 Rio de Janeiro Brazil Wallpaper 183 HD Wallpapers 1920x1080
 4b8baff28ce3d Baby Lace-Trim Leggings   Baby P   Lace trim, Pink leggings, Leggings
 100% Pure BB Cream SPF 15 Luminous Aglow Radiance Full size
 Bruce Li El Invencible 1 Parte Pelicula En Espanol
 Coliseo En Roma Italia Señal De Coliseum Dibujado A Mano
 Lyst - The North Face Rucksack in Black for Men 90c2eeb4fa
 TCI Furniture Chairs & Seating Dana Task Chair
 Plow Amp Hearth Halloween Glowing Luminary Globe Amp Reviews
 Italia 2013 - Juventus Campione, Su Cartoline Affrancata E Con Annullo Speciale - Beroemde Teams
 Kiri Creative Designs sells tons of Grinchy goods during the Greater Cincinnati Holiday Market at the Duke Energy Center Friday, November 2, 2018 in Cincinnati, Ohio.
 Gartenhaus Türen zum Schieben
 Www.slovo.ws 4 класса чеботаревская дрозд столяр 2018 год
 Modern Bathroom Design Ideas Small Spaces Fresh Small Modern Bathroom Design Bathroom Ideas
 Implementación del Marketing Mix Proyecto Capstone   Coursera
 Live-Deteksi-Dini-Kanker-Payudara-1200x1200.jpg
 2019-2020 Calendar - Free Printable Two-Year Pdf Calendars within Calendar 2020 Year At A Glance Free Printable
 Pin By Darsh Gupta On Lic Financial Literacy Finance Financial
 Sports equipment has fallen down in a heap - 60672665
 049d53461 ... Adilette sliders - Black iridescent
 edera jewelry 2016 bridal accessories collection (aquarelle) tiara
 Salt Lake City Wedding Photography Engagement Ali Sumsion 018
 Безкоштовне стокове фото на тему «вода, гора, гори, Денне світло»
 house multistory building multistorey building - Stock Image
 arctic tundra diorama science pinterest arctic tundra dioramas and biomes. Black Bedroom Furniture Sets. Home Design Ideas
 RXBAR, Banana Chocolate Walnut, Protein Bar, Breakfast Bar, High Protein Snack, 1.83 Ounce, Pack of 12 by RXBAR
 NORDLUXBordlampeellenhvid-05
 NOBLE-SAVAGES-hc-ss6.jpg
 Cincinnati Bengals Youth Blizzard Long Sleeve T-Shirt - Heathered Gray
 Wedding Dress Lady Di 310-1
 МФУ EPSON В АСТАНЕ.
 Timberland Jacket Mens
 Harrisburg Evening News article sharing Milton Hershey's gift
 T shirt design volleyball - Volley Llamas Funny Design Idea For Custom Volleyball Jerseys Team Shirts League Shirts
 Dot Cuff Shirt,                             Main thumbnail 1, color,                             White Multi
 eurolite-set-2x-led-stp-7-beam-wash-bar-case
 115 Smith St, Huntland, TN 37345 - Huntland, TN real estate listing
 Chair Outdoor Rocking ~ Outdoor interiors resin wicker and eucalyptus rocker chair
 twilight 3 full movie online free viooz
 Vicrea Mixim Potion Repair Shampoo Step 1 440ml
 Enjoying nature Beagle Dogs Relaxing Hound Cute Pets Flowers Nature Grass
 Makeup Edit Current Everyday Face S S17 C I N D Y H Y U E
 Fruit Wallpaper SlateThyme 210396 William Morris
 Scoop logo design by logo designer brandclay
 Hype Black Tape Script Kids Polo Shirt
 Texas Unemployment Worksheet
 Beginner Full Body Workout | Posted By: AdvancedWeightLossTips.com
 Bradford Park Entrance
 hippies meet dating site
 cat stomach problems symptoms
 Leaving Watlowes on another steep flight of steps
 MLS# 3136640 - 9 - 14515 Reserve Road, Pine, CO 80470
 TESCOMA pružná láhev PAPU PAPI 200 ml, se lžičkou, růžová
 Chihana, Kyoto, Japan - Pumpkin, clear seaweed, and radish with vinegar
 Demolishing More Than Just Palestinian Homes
########################################
# Problem statement
With the line that contains "Hype Black Tape Script Kids Polo Shirt" as the start, output every line through the end of the entries exactly. Add no other lines.

# Task result
 Hype Black Tape Script Kids Polo Shirt
 Texas Unemployment Worksheet
 Beginner Full Body Workout | Posted By: AdvancedWeightLossTips.com
 Bradford Park Entrance
 hippies meet dating site
 cat stomach problems symptoms
 Leaving Watlowes on another steep flight of steps
 MLS# 3136640 - 9 - 14515 Reserve Road, Pine, CO 80470
 TESCOMA pružná láhev PAPU PAPI 200 ml, se lžičkou, růžová
 Chihana, Kyoto, Japan - Pumpkin, clear seaweed, and radish with vinegar
 Demolishing More Than Just Palestinian Homes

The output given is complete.